Research carried out by the charity in June shows more than a quarter (28 per cent) of parents in Ireland are cutting back on heat, while almost a quarter (23 per cent) are reducing their electricity usage to try to make ends meet.
A third are buying less clothes and “alarmingly” one in six have cut out medical appointments or medicines. Half of parents in Ireland simply cannot afford to send their children on after-school activities or trips because of hardship.
More families “on the cusp of poverty are being pulled into real deprivation, their standard of living being drastically affected by inflation”, the charity said in its submission in advance of Budget 2023, which has been brought forward to September 27th.
Barnardos is taking “more and more calls” from families pleading for help with food, clothing and basic household items as well as heating their homes.
“Families on low incomes do not have the money necessary to cover the recent increases,” the charity told the Government.

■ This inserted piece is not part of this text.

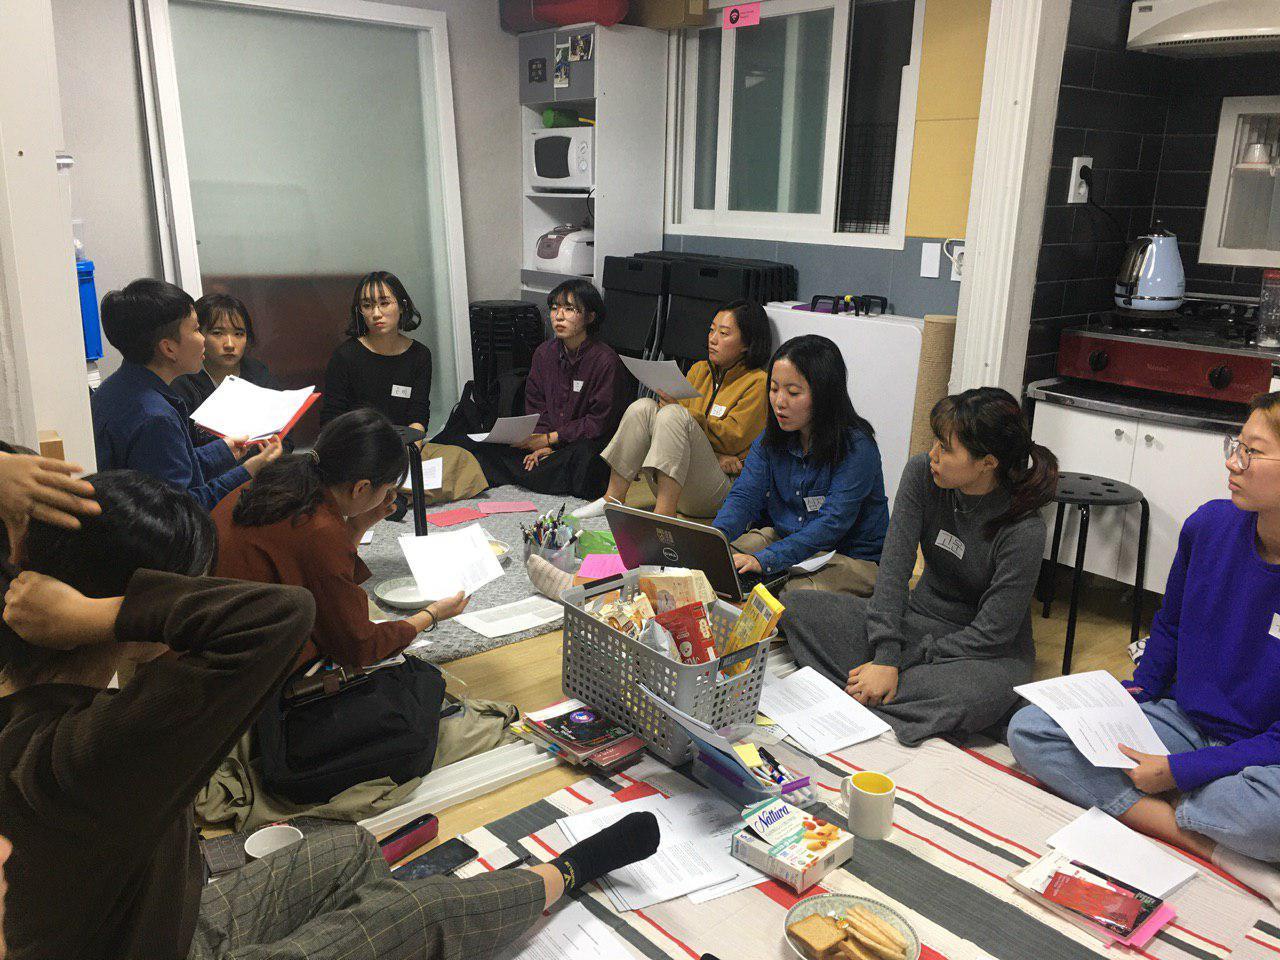 그림1: 활동가들이 사무실 바닥에 모여 앉아있다. 세미나 참고 자료는 바닥에 놓여있거나 활동가의 손에 쥐여 있다. 세미나를 진행하는 다희가 말하고 있고, 다른 활동가들의 시선은 다희를 향하고 있다.

“Unfortunately, this inevitably has an impact on the wellbeing of children living in some of those households.”
On social welfare payments, it has asked for a €20 rise in general rates (at a cost of €675 million), an increase of €12 for the Qualified Child Increase Payment for over-12s and a €7 rise for under-12s.
Social welfare payments generally should be linked to “minimum essential standard of living” costs, it said.
Recently introduced extensions to fuel allowance from 28 to 32 weeks were not enough and the scheme should be expanded to more families, particularly those on working family payment, Barnardos added.
Child agency Tusla should be given another €6 million for community and voluntary organisations while a pilot free schoolbook scheme should be extended nationally, at a cost of €20 million, it suggested.
Schools should also be given enough State funding so they do not have to ask parents for voluntary payments (believed to total €65 million), according to the submission, while the hot school meals programme should also be extended.